Quote of the day:
Sometimes, especially on Saturdays, I wonder how non-bloggers cope with their lives. Never Neutral
When I was a young child I was afraid of many things: dogs, cats, snakes, lightening, thunder, fireworks, even different kinds of foods. My father would laugh gently as he tried to encourage me to eat Aunt Rose's interesting Sephardi dishes and I would shy away, withdrawing into my chair, shaking my head vigorously from side to side. Growing up and living life has made many of the fears disappear, although I am still afraid of heights, mice as they scurry through my kitchen, and snakes.
Some of my fears disappeared as I observed the world around and learned survival skills. With others I had help from various types of teachers. I learned to love interesting foods from connoisseurs and gourmet enthusiasts, Tom being one of the best at that! As for dogs and cats, I have learned to become very comfortable with them. In my early twenties I had a friend named Tali who taught me not to fear dogs. And, of course, can I say more about Molly and Ada that you have not already heard, about curing me forever of discomfort with cats?
Molly Mabel has changed since our move to the great Wissahickon. She has gone from being a shy, inhibited creature to a talented, swift, and courageous hunter. In a flash she stalks, runs down and catches chipmunks, moles, birds, butterflies and brings them home to me with great pride, laying them at my trembling feet and breaking heart. Recently as I was saving a number of these little creatures from Molly's claws and teeth I realized how brave I have become. In the past I might have shrieked and yelled in terror, climbing up on the first table I could find as a chipmunk or mole would race through my house. Now I am able to scoop up any little furry fellow and release them away from our yard, making soothing and clucking sounds as I try to calm them from their near-death adventures with my ferocious feline. At times I hold their warm, limp bodies and bury them around the yard and into the woods below. My yowls of fear have changed to teardrops and sorrow at their demise.

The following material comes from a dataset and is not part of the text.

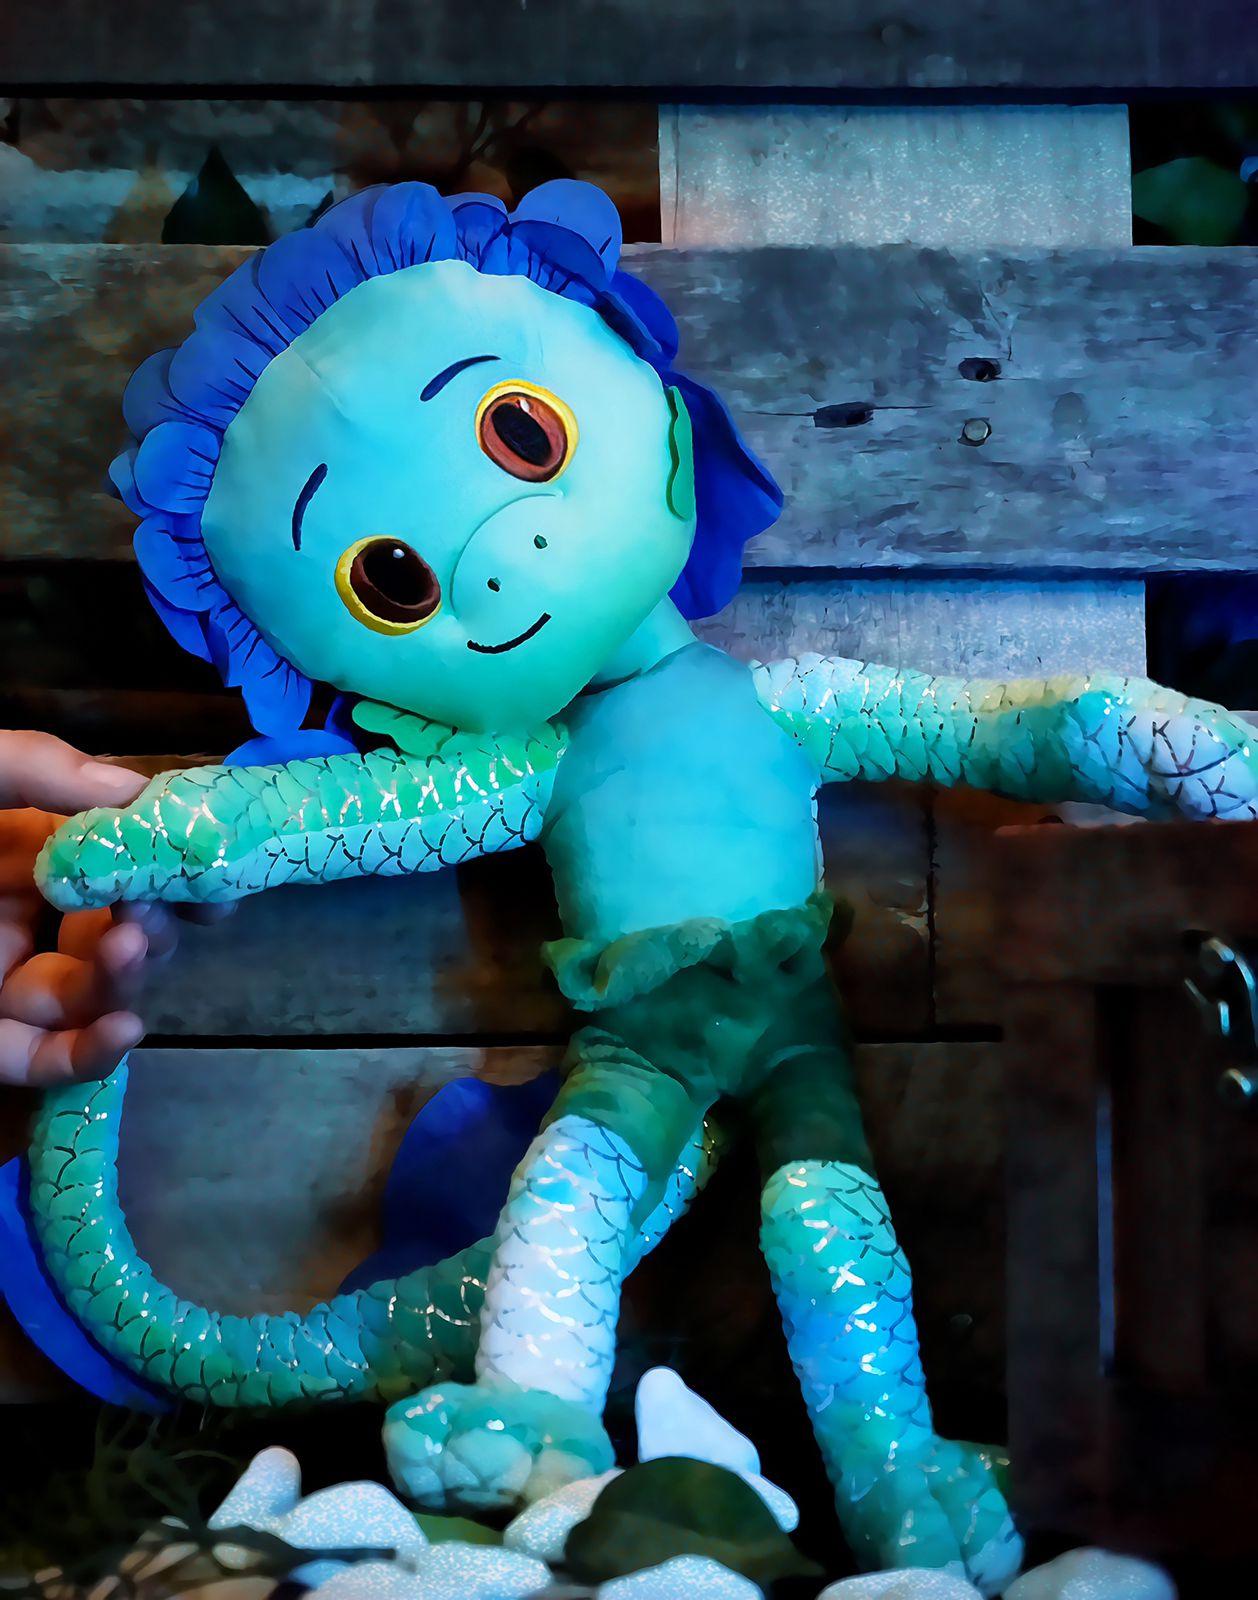 Brinquedo Pelúcia Boneco Desenho Animado Luca Paguro: Luca Disney
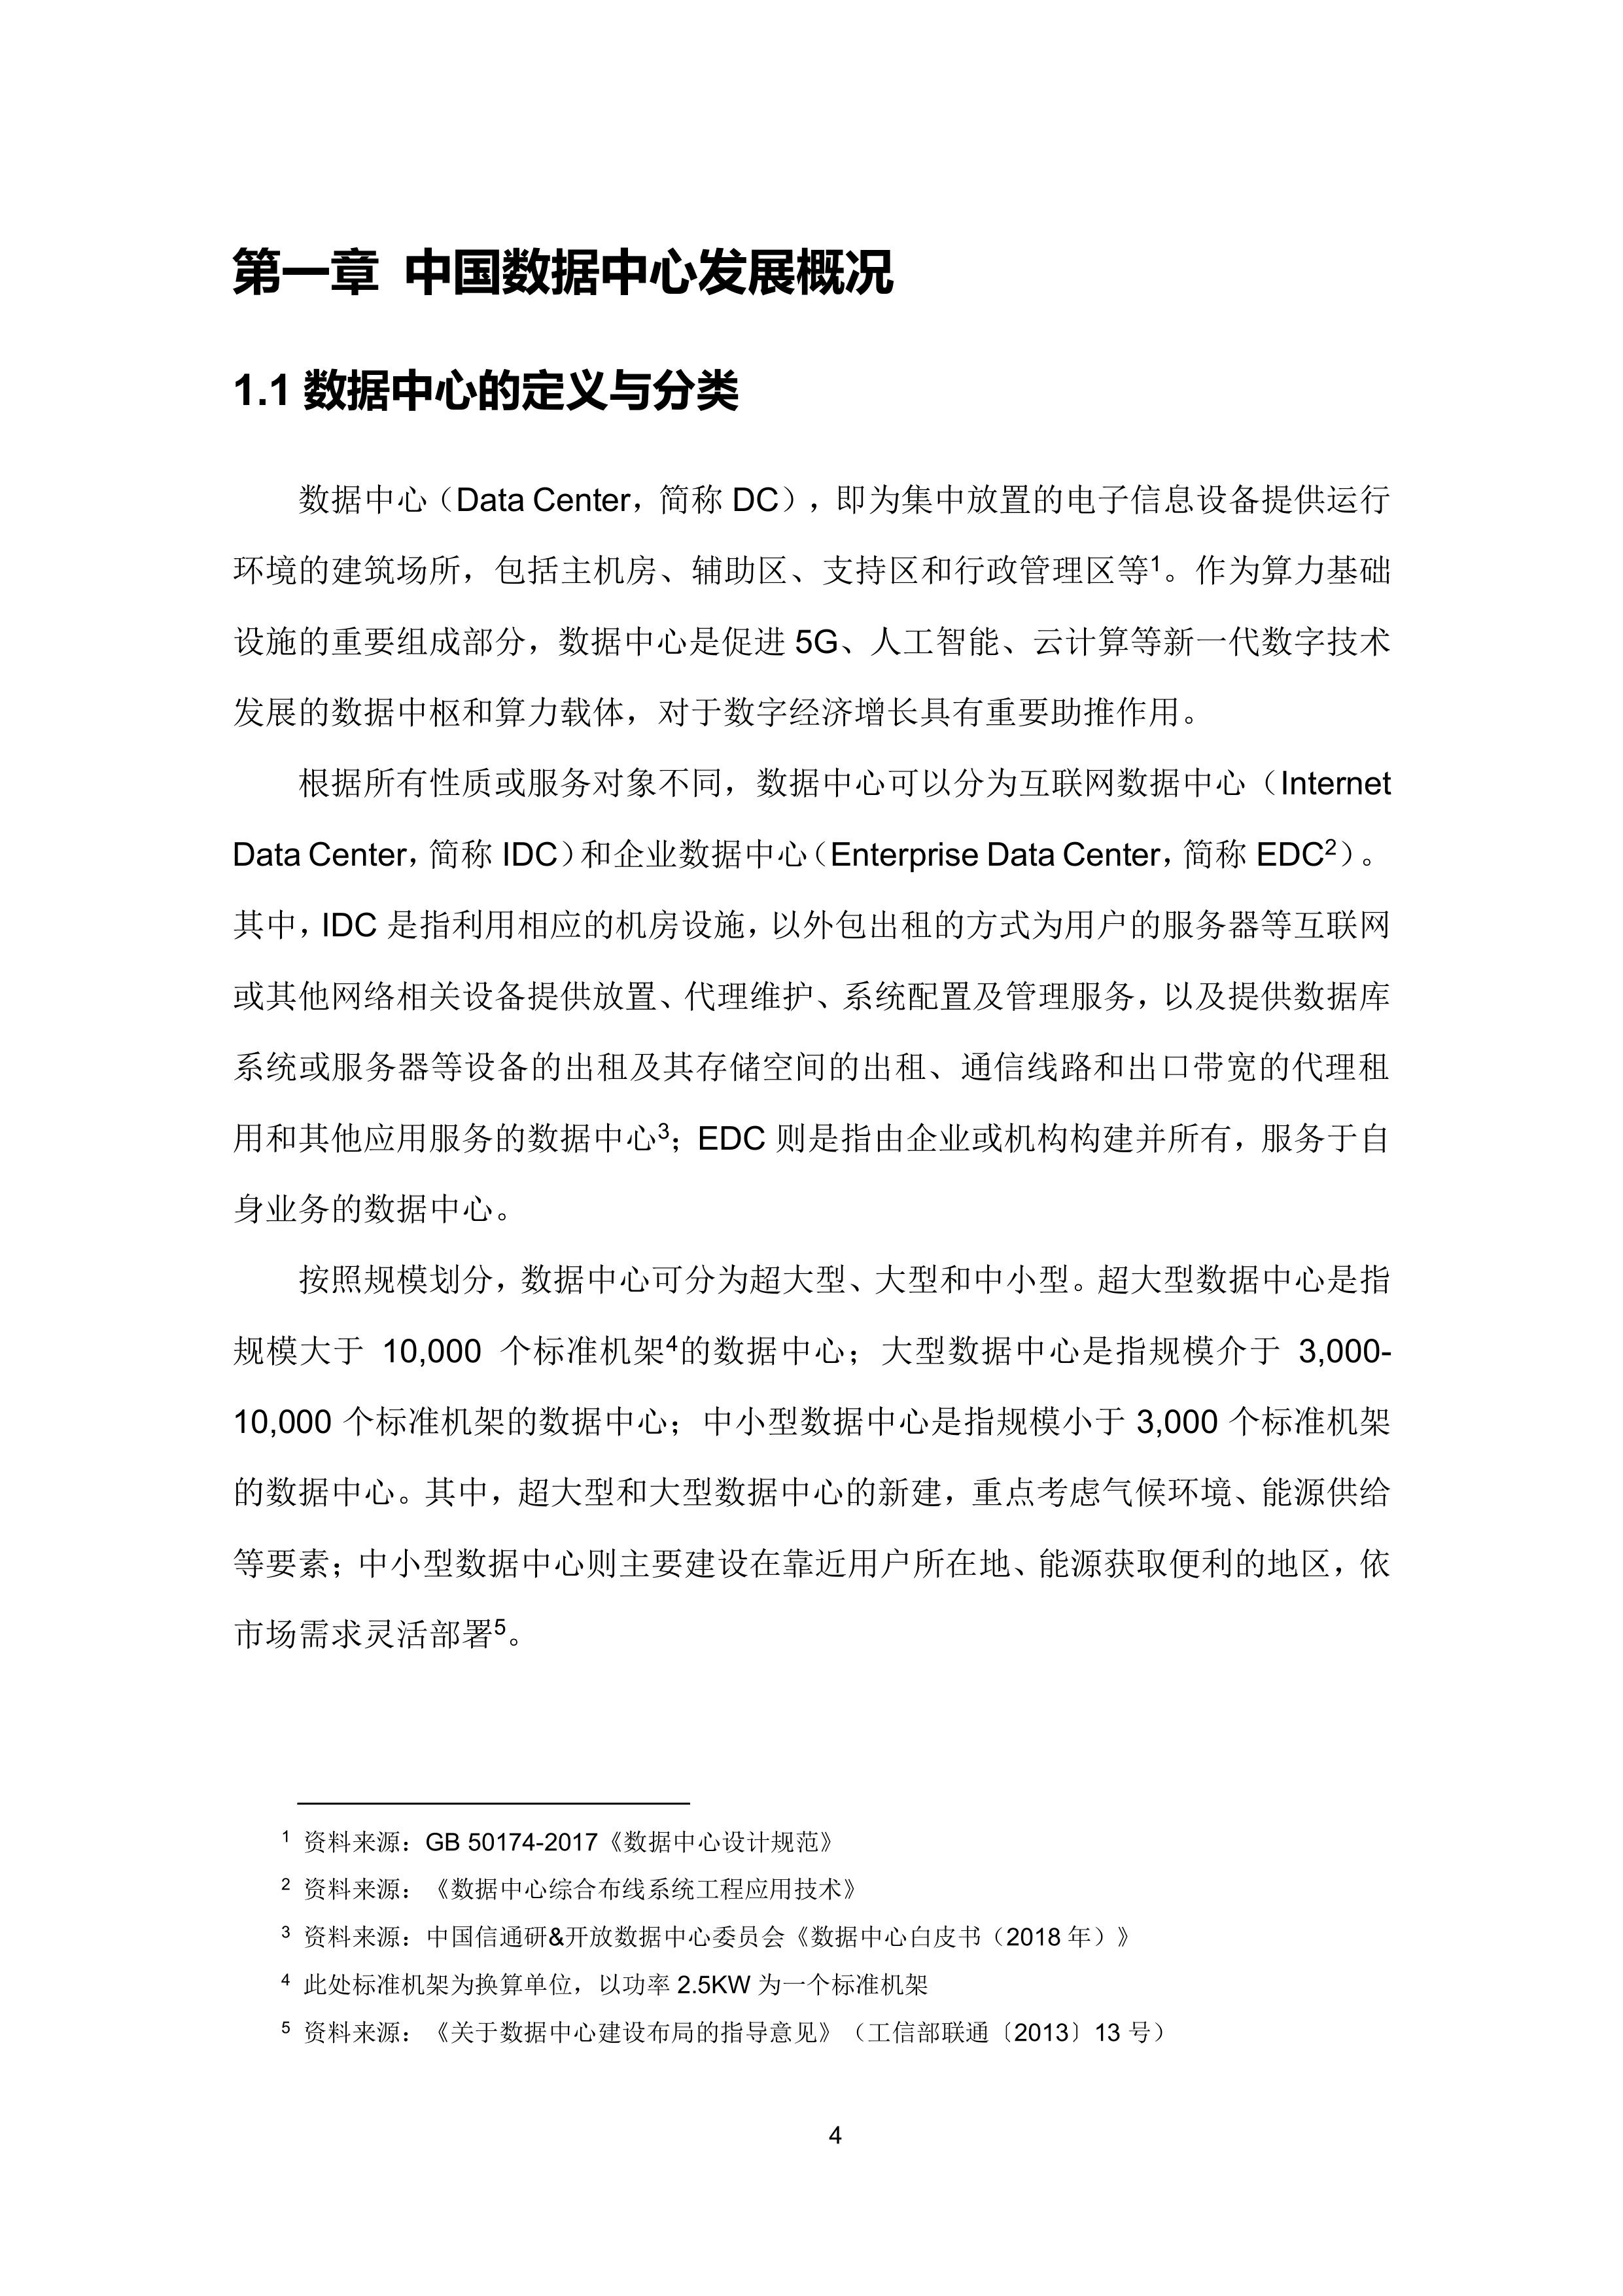 36氪研究院 - 新基建系列之:2020年中国城市数据中心发展指数报告-大菠萝官网(图15)

A couple of days ago, I heard a commotion and noticed the cats were jumping up and down on the closed porch overlooking the woods. I joined them and saw a large baby woodpecker flapping its wings as it struggled to fly. Something was terribly wrong. Perhaps the bird had fallen from its nest or maybe the neighbor's cat was responsible. I couldn't tell. I quickly gathered a towel and raced outside. As I covered and scooped up the little woodpecker it became silent and ceased the panicked fluttering. I carried the bird out to the woods speaking softly and calmly. Gently placing my charge on the ground into a thick, soft bed of leaves, I withdrew the towel and found it lying on its back. Her eyes gazed back at me in terror, beak wide open with no sound coming out. I gasped as I anthropomorphically saw the silent terror in her eyes. The bird then turned over and scuttled away to who knows what fate.
That small event had an affect on me. For I realized that fear of death is deep indeed. Ever present it influences our thoughts, dreams, behaviors, and interactions. Sometimes silently and at others fluttering and squawking. Moving closer to elder-hood I do think about dying from time to time. Not as much as perhaps people in their eighties and nineties. I wonder if I have given to or told my son I love him enough to help him with his life's journey. I think about what I have not yet accomplished that I still would like to achieve. And, of course, those old regrets niggle and nudge in my brain lately. I even ruminate on what it's all about more than I used to. Mostly I realize that if I am honest with myself I fear death. The unknown-ness and finality of it. During jury duty last week we watched a video testimony of the patient a few months before she died. She talked about not wanting to leave the world just yet. There was more she wanted to do, see and participate in. She was reflective, sorrowful, quiet, a young woman, not quite fifty. Inwardly I was nodding in agreement with her. I think I am still fluttering and squawking like the baby woodpecker. The at peace feeling I seem to be striving for is elusive and distant.
I remember my old friend George who said, "Fear, the final frontier."